My problem is to make a fit of a nonlinear equation to data with the genetic algorithm and to minimize R, my model function is
R*(1-exp(-t/rate))
The industrial data Rexp and t are known: these are two vectors that give the variation of Rexp as a function of time (t)
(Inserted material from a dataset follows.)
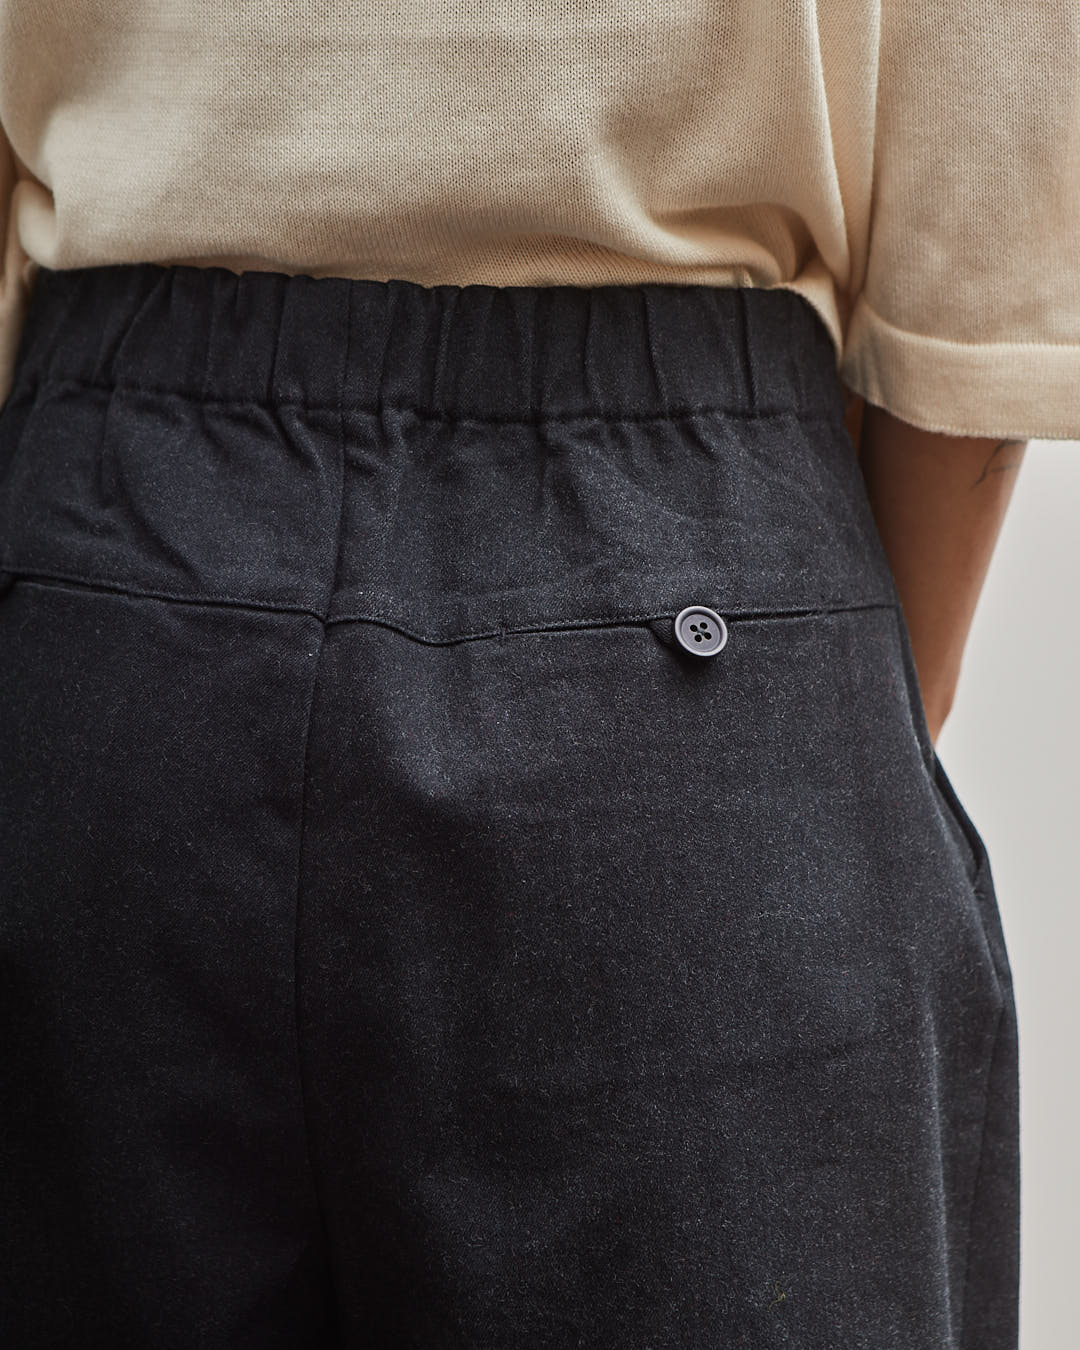 detail, back pocket & waitband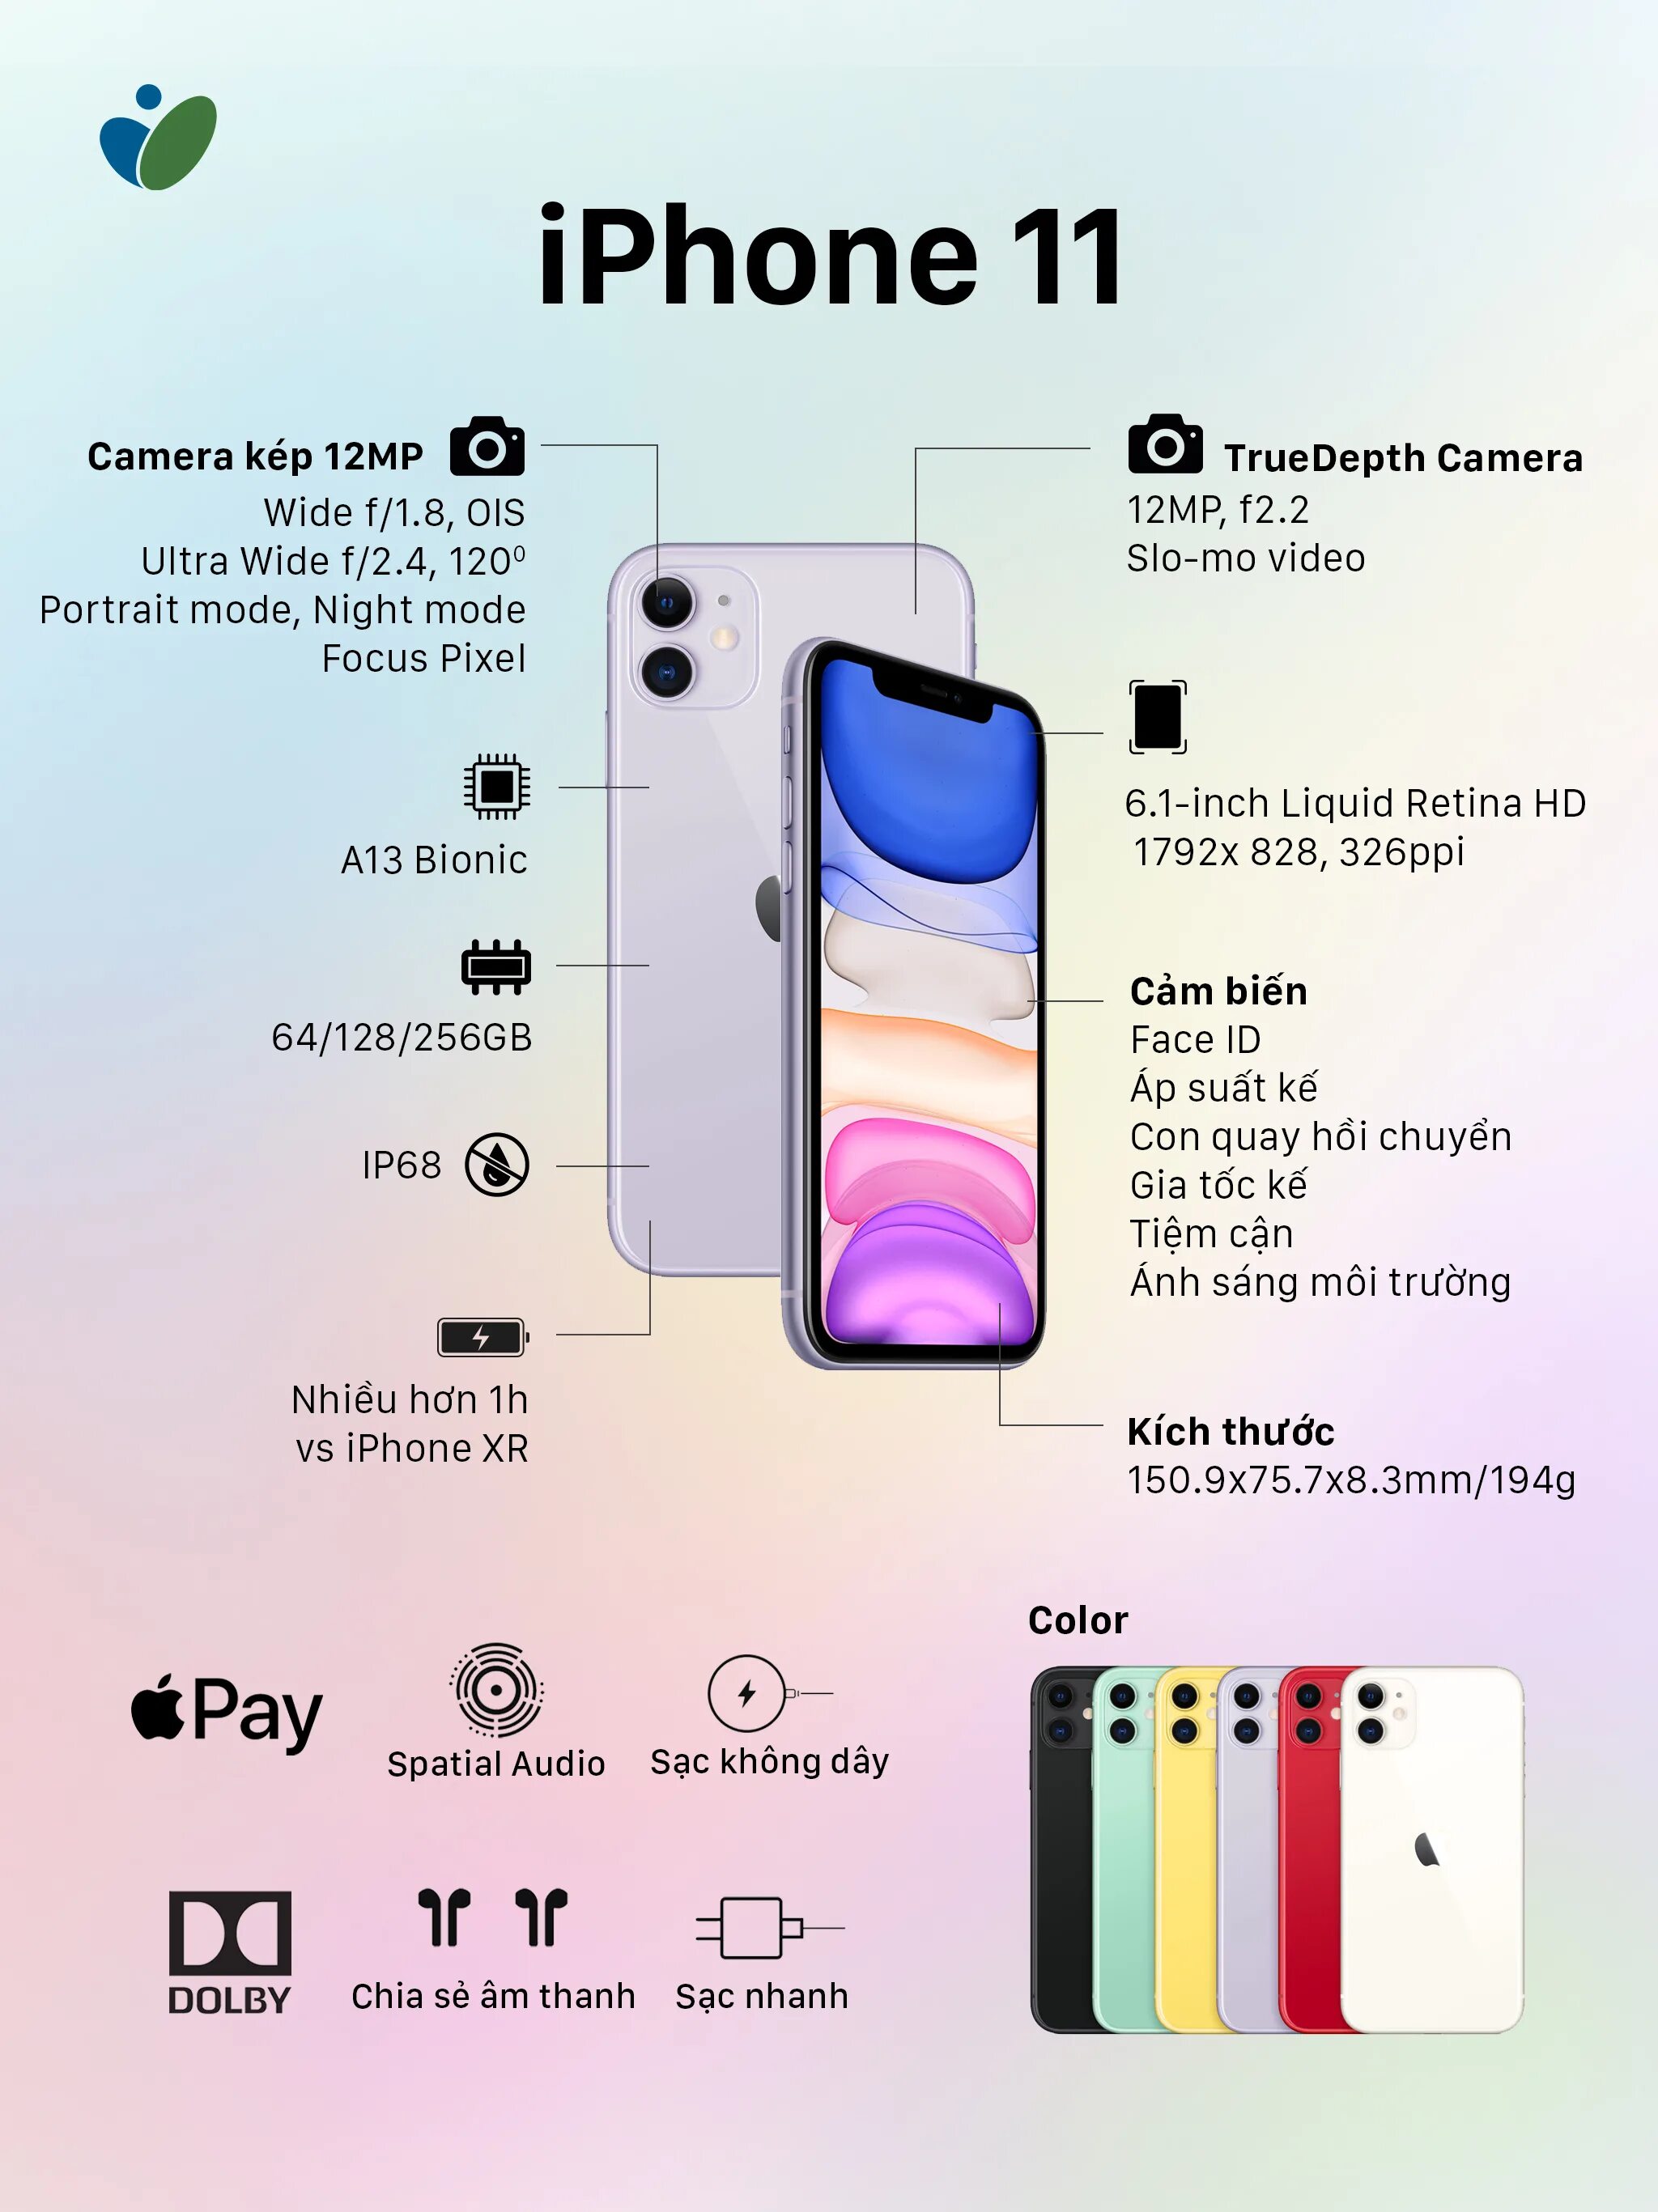 12 про сколько батарея. Айфон 11 Pro Max камера мегапикселей. Айфон 11 про Макс камера МП. Iphone 11 камера мегапикселей. Айфон 11 характеристики камеры.

rate also is known and equal to 40
I declared my function (fitnes function) as follows:
function S=ga_Newton(R)
t=[0 2 4 6 8 10 12 14 16 18 20 22 24 26 28];
Rexp=[1 .7987e-05 3.07996e-05 3.90531e-05 1.89562e-05 2.82794e-05 5.55377e-05
4.75723e-05 6.2447e-05 5.35282e-05 5.16775e-05 4.67144e-05 4.63215e-05 6.62753e-05
3.72551e-05 3.54374e-05];
for i=1:15
S(i) =sum((Rexp(i)-R*(1-exp(-t(i)./40)))^2);
end
The function
S (i) = sum ((Rexp (i) -R * (1-exp (-t (i) ./ 40))) ^ 2)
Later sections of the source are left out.